WKRG Tops In Mobile-Pensacola Social

Nexstar’s CBS affiliate leads the Mobile, Ala.-Pensacola, Fla. DMA in total social actions over the last six months according to Shareablee data, while Sinclair ABC affil WEAR bypasses the station with slightly more fans/followers. An aggressive adoption of Facebook Live over the past few months has given WKRG the edge, its news director says.

WKRG is tops in Mobile, Ala.-Pensacola, Fla., among local media in overall social media actions over the last six months according to data from audience insight firm Shareablee. The Nexstar-owned CBS affiliate had more than 1.9 million total actions in that period, about 33% of the market’s overall 5.8 million actions.

Trailing behind it is Sinclair-owned ABC affil WEAR with over 1.3 million, though WEAR swings back to claim the market’s highest number of fans/followers at over 308,000.

On individual platforms, WKRG leads Facebook, while WEAR topped Twitter and WYCT-FM had the best performance on Instagram.

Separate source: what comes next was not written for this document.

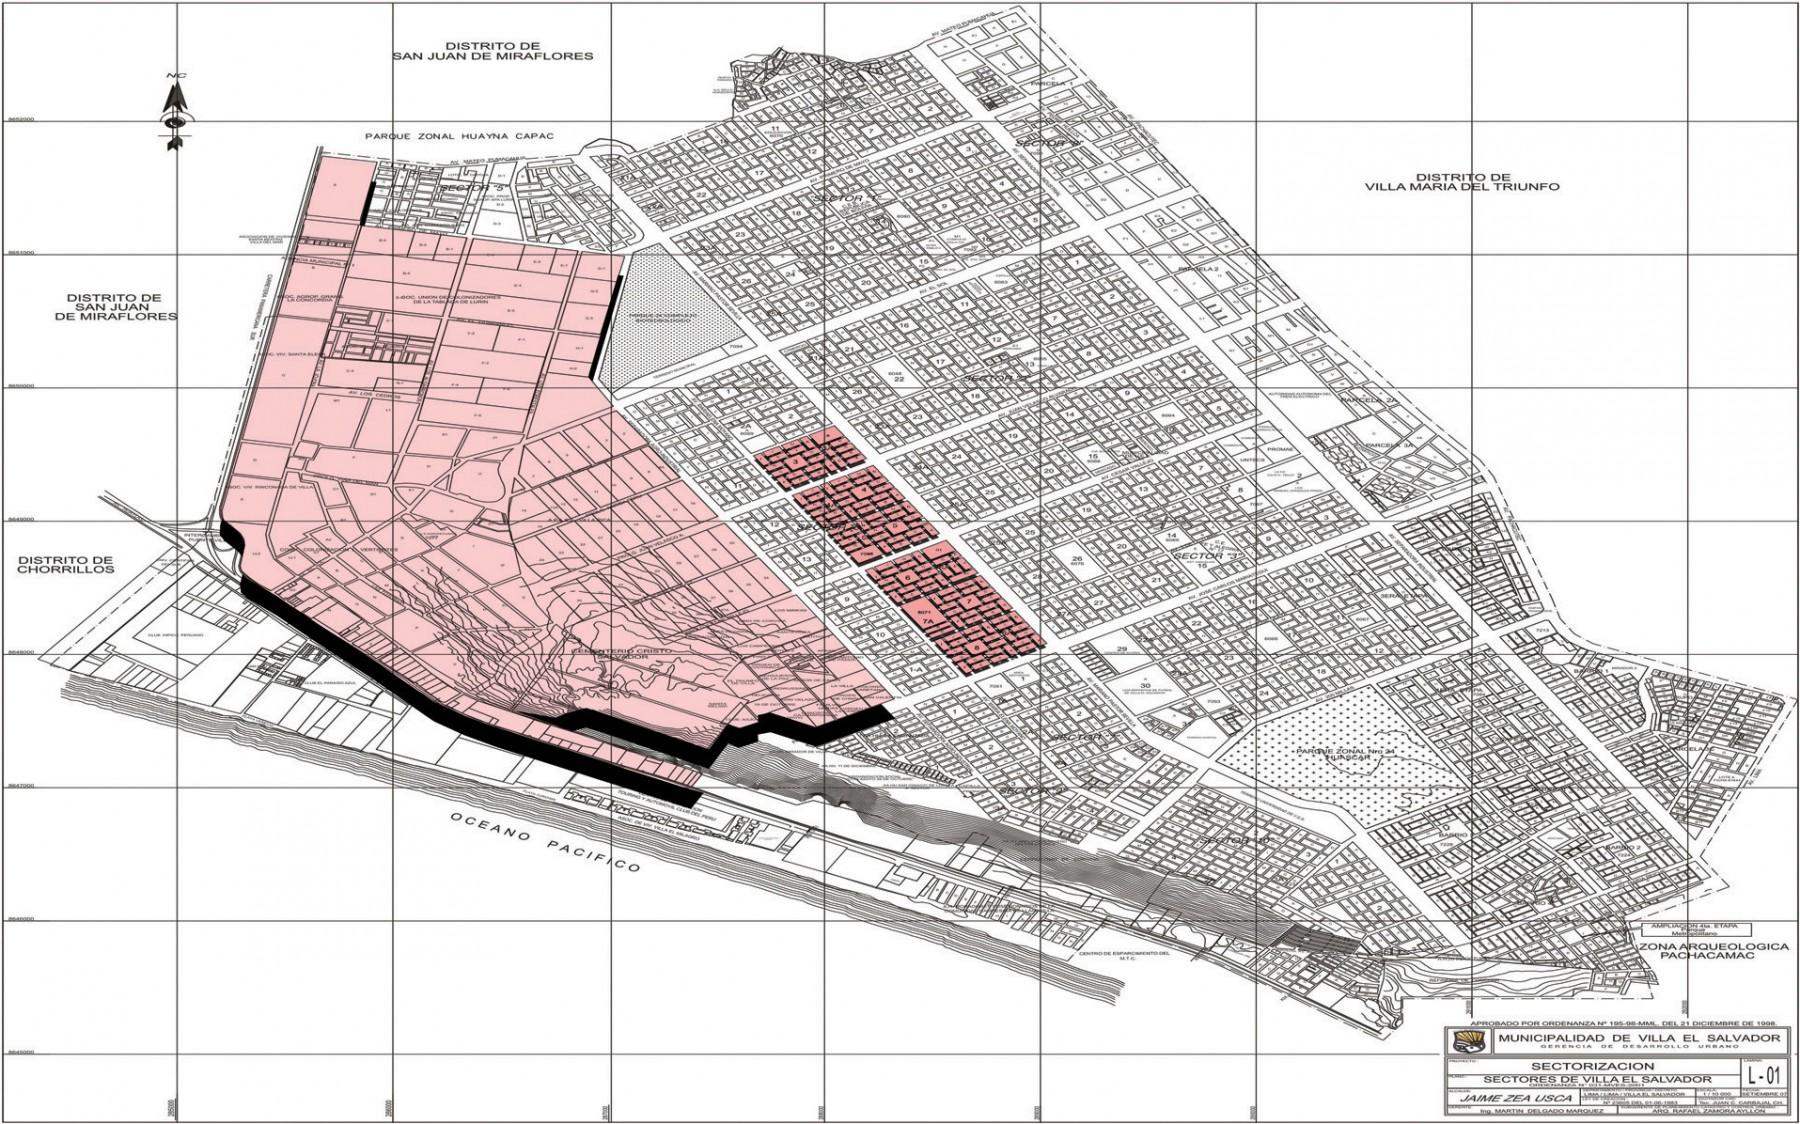 Mapping villa el salvador peru etruxes architecture for Plano de villa el salvador

WKRG News Director Chris Best says his station began a Facebook Live blitz several months ago, and that has made all the difference.

“It’s woven into our culture,” he says. “Pretty much everyone in the newsroom is trained in how to do it.”

Best estimates that WKRG runs half a dozen live streams on a slow day and often many more. Facebook Live is a key part of its everyday coverage plans and often informs broadcast coverage decisions as certain stories strike a chord with online audiences.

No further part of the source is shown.